Pharmacists at new on-site pharmacies in 2 Florida hospitals offer patients medication counseling with the aim of reducing readmission rates.

Lee Memorial Health System in southwest Florida has joined a growing trend by opening on-site pharmacies in 2 of its hospitals that allow discharged patients to leave with their medicines in-hand. The system also offers patients and caregivers a chance to receive counseling from staff pharmacists.

According to recent articles published in Naples Daily News and by NBC2, a south Florida NBC affiliate, the pharmacies handle medicines that are not commonly found in retail pharmacies. In addition, the in-house pharmacies aim to reduce the length of hospital stays and prevent readmissions due to medication misuse.

“We want to help ease that transition from inpatient status to get them home and starting the healing process,” Mark Collum, PharmD, director of ambulatory pharmacy services for Lee Memorial Health System, told Naples Daily News. “If we can offer increased access to medications and an opportunity to educate patients, we can have a positive influence they are not coming back [and getting readmitted].”

The pharmacies are located in Lee Memorial Hospital in Fort Myers, FL, and in HealthPark Medical Center, south of Fort Myers. The pharmacy at Lee Memorial Hospital, which opened in August, fills about 50 prescriptions per day for discharged patients and performs compounding services.

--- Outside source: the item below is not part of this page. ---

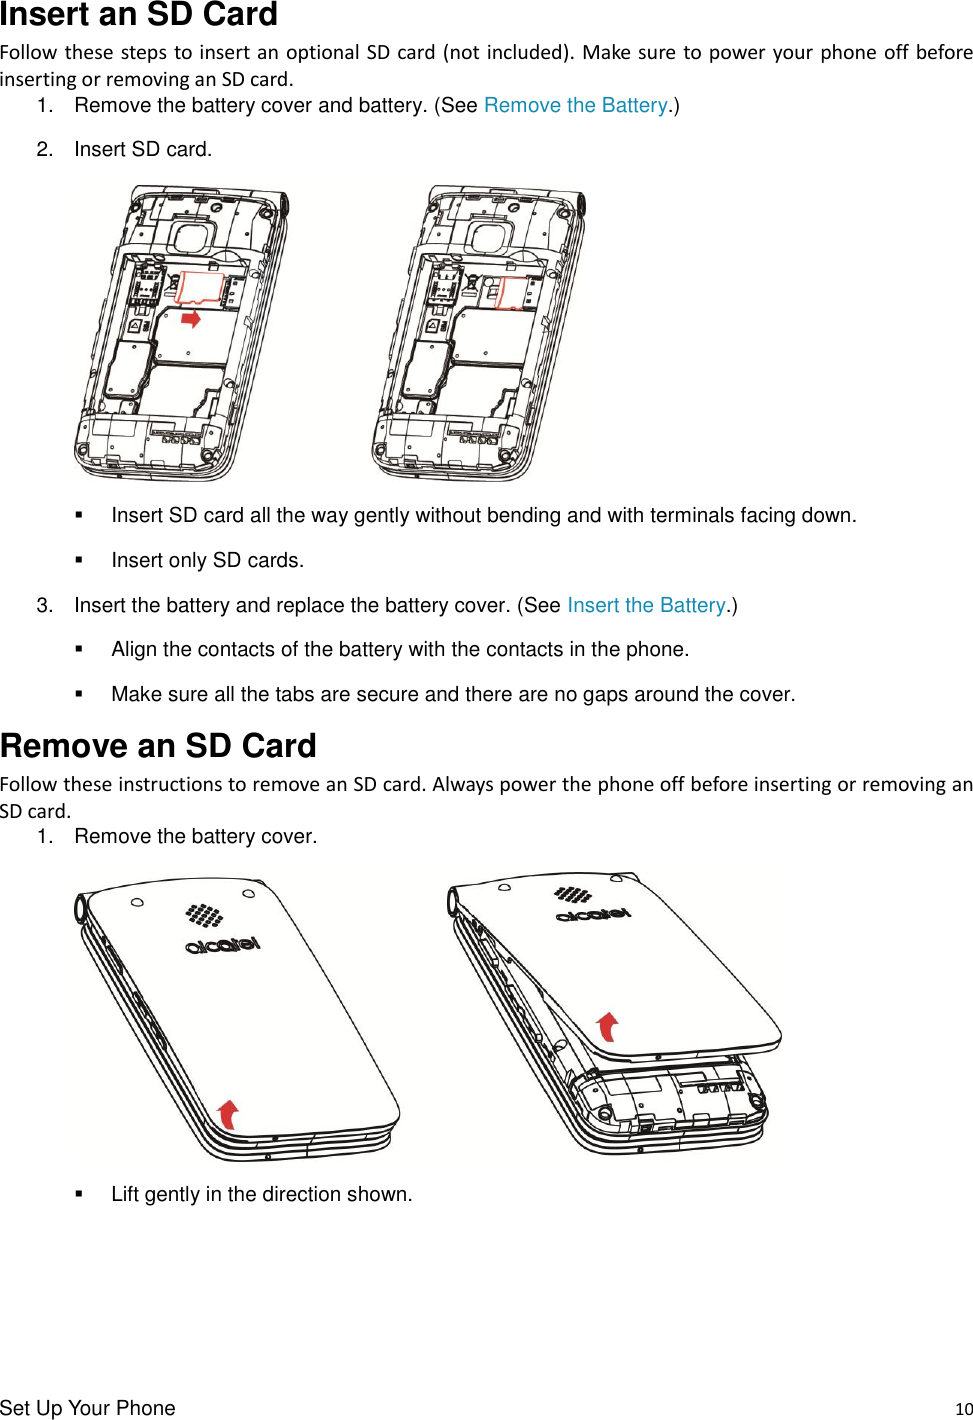 Set Up Your Phone    10 Insert an SD Card Follow these steps to insert an optional SD card (not included). Make  sure to power your phone off before inserting or removing an SD card. 1.  Remove the battery cover and battery. (See Remove the Battery.) 2.  Insert SD card.     Insert SD card all the way gently without bending and with terminals facing down.   Insert only SD cards. 3.  Insert the battery and replace the battery cover. (See Insert the Battery.)   Align the contacts of the battery with the contacts in the phone.   Make sure all the tabs are secure and there are no gaps around the cover. Remove an SD Card Follow these instructions to remove an SD card. Always power the phone off before inserting or removing an SD card. 1.  Remove the battery cover.     Lift gently in the direction shown.

The pharmacies are tailored to each location’s specific needs, focusing in particular on harder-to-find medications, according to NBC2.

“We looked at the types of medications dispensed over the last year and made sure that we had all the very expensive and high-risk meds that people had trouble finding when they go home from the hospital, to make sure we had them in stock,” Dr. Collum told NBC2. “On the days that the surgeons see lots of patients, we know 2 days later we’re going to have a lot of discharge patients that we need to care for.”

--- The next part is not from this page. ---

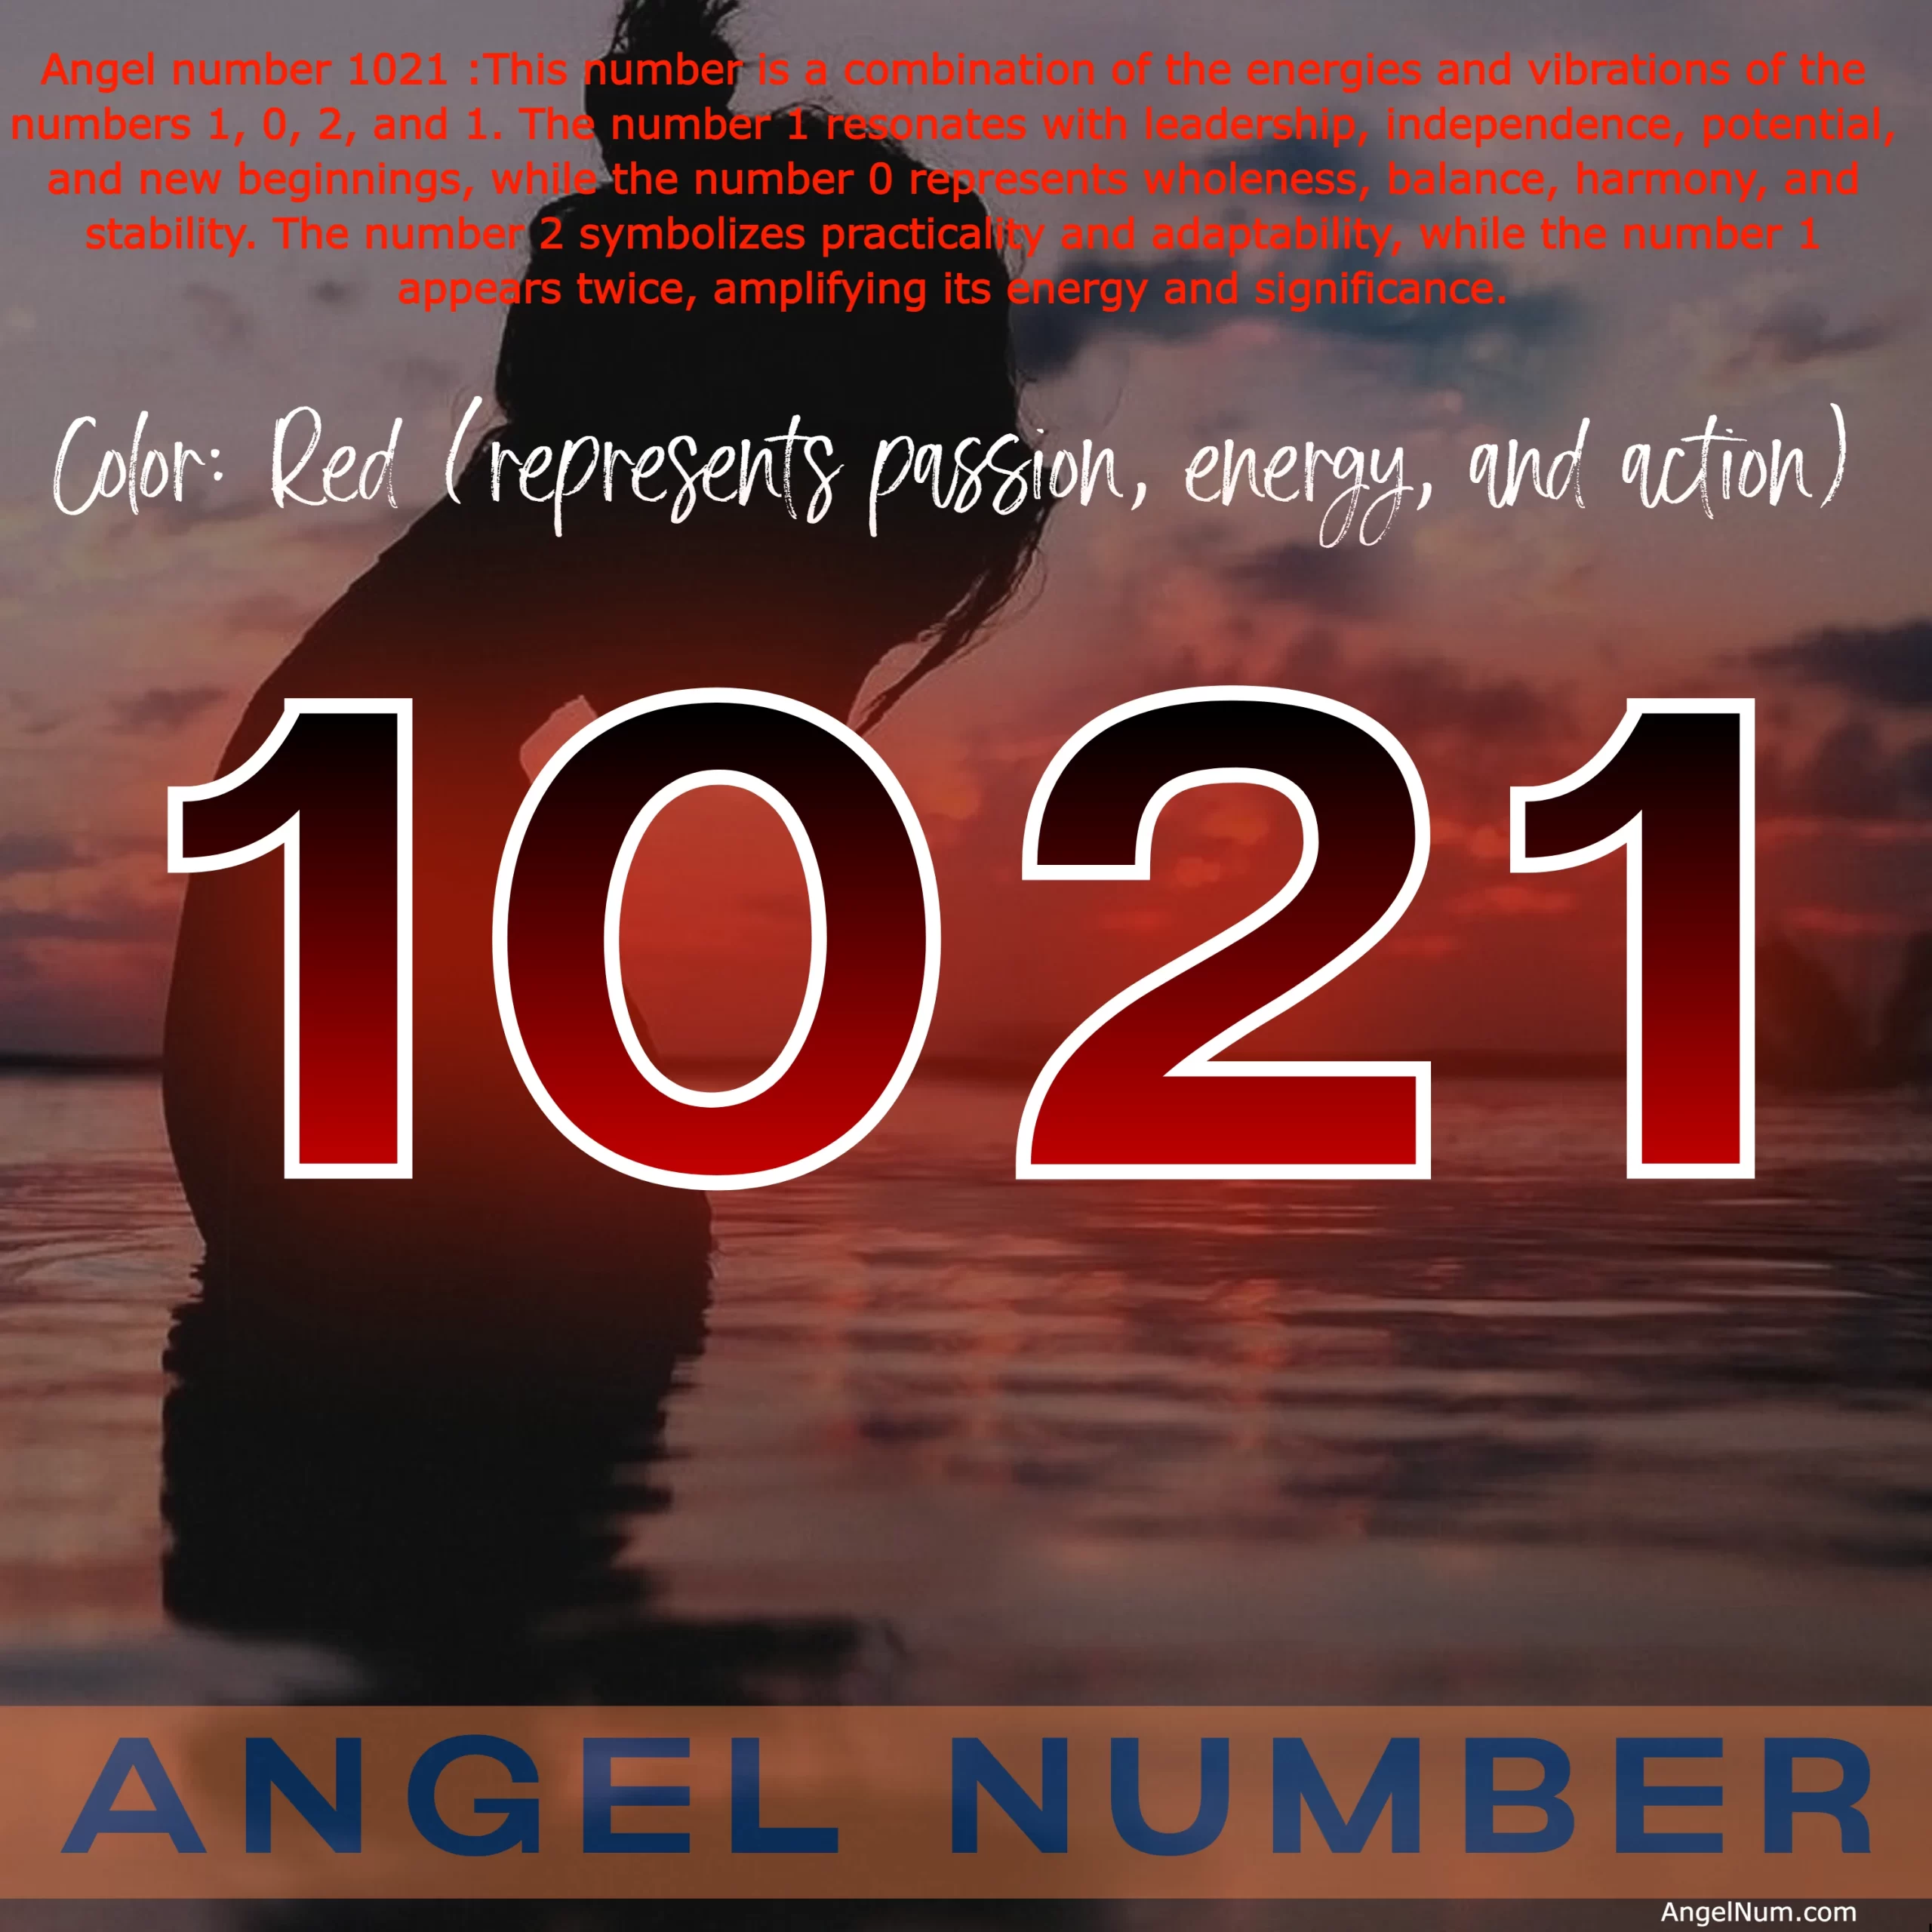 Angel Number 1021: Trust in the Journey and Focus on Your Goals

Launching the hospital-based pharmacies cost $250,000 per location, including the addition of 4 new employees at each hospital. The Lee Memorial Health System board of directors plans to evaluate the new programs before opening pharmacies in its other hospital locations, according to Naples Daily News.

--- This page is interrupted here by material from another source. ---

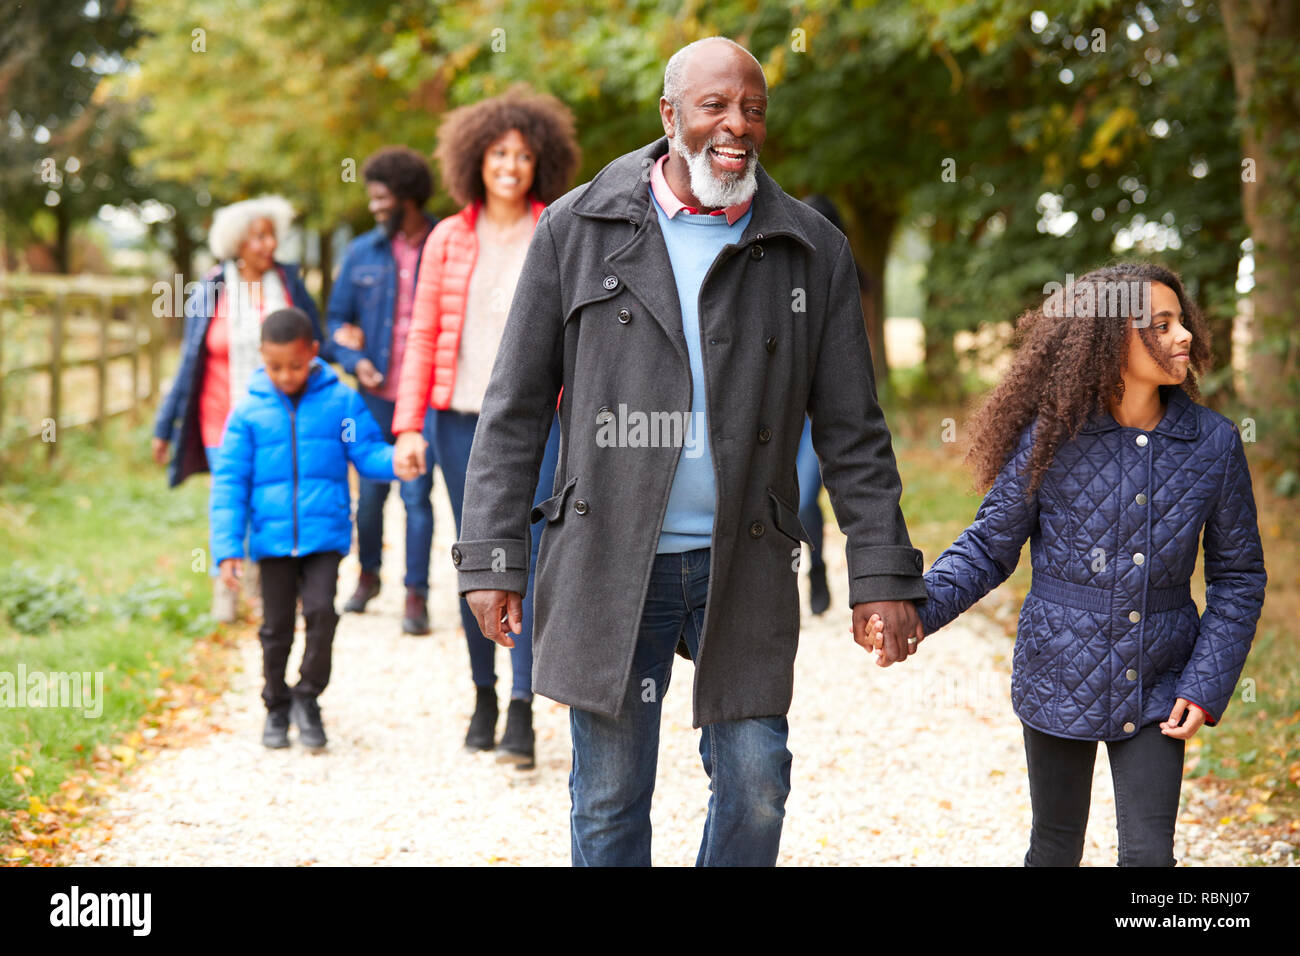 Multi Generation Family On Autumn Walk In Countryside Together Stock Photo

Establishing the hospital pharmacies as a means of reducing readmissions is motivated in part by newly established federal government penalties for avoidable readmissions, according to Naples News. As of October 1, 2012, hospitals began to face a 1% base rate cut in Medicare reimbursements if they have higher than normal readmission rates. The penalty is set to increase to 2% in 2013 and 3% in 2014, the article stated.

Approximately 35% of hospitals in the nation have a pharmacy that handles patient discharges, Doug Scheckelhoff, vice president of professional development for the American Society of Health-System Pharmacists told Naples Daily News. On-site pharmacy services increase patients’ medication compliance after discharge, whether pharmacists deliver medicines directly to patients prior to discharge or send scripts to a nearby pharmacy, he added.